Riverlane has deployed its Deltaflow 2 quantum error correction (QEC) technology in a UK commercial quantum setting for the first time. The system introduces streaming quantum memory, enabling real-time error correction fast enough to preserve data across thousands of operations.

Deltaflow 2 combines a custom QEC chip with FPGA hardware and Riverlane’s software stack, supporting superconducting, spin, trapped-ion, and neutral-atom qubit platforms. It has been integrated with high-performance classical systems and a digital twin for noise simulation and monitoring.

Control hardware from Qblox delivers high-fidelity readout and ultra-low-latency links to enable real-time QEC. The deployment will validate error correction routines and benchmark system performance, forming the basis for future integration with OQC’s superconducting qubits.

The project is part of the UK Government-funded DECIDE programme, which aims to strengthen national capability in quantum error correction.
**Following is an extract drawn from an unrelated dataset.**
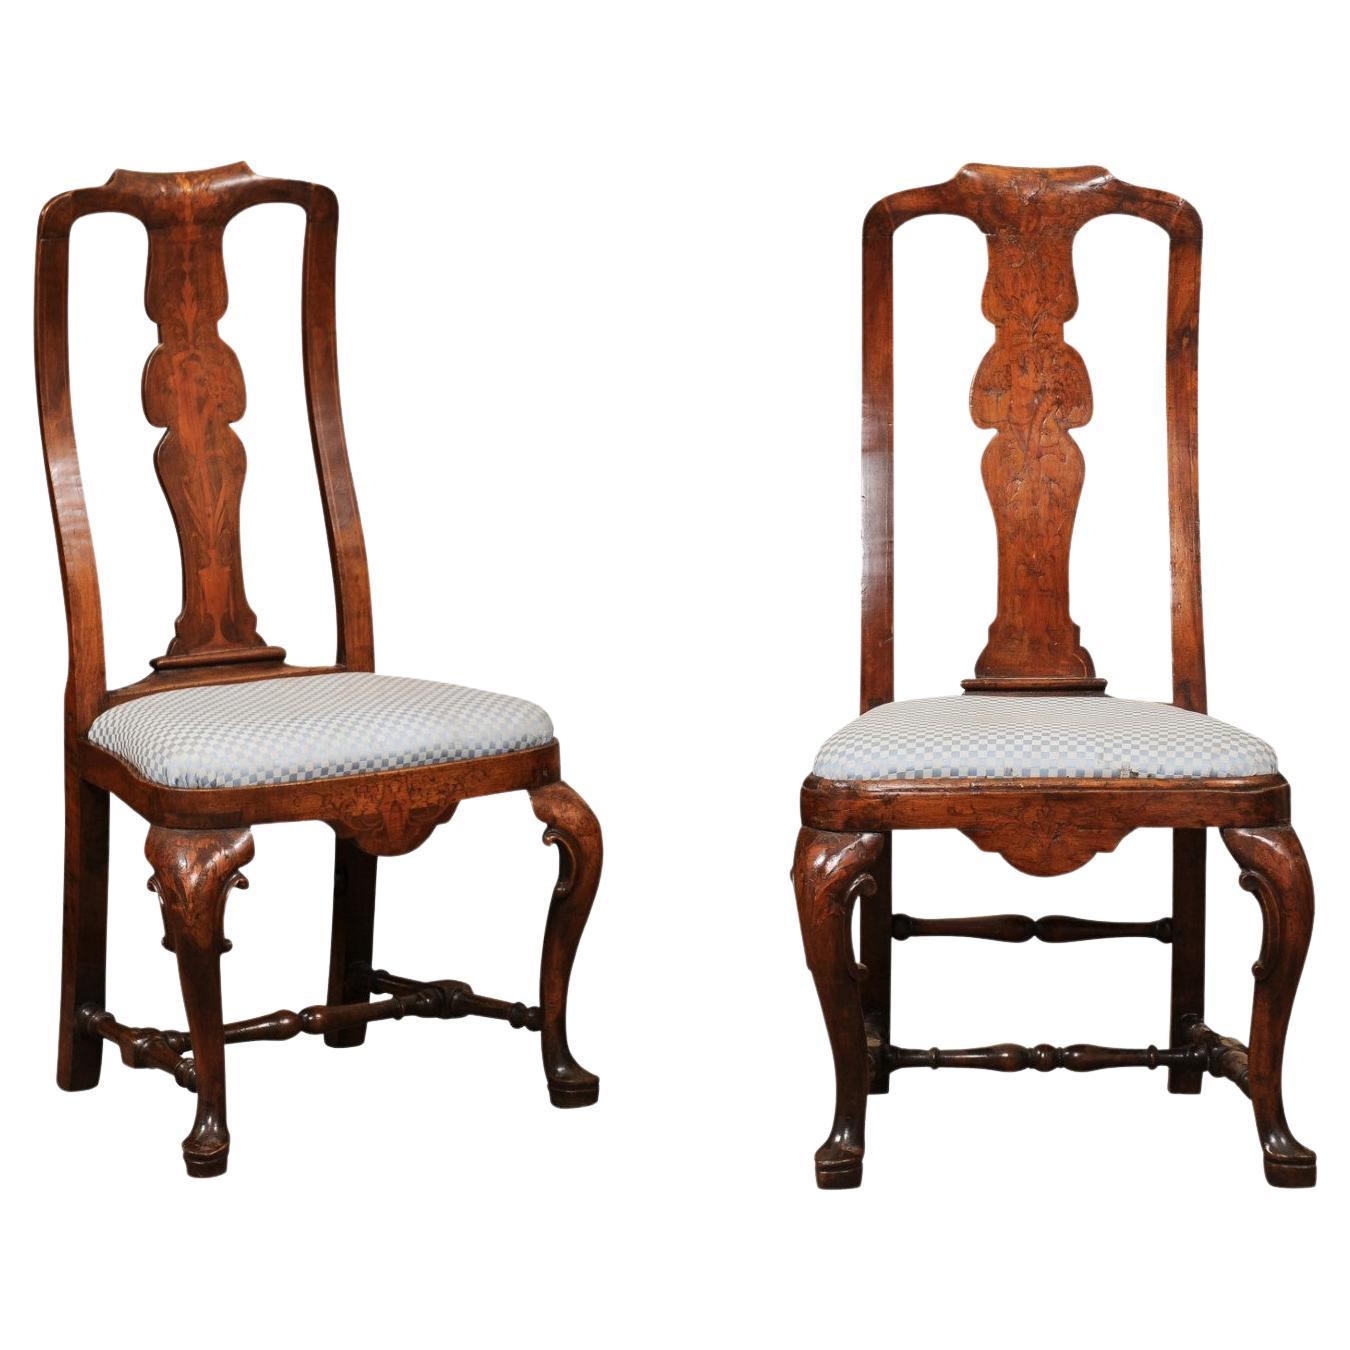 Pair of Dutch 18th Century Walnut Side Chairs with Marquetry Inlay & Pad Feet

Riverlane and OQC plan to demonstrate live QEC during quantum operations, supporting the creation of logical qubits for scalable systems.

Riverlane is also partnering with Infleqtion, Rigetti Computing, and others through the UK’s National Quantum Computing Centre. The company says growing industry demand reflects QEC’s shift from research to deployment, positioning Deltaflow 2 as a commercially viable, universally compatible tool.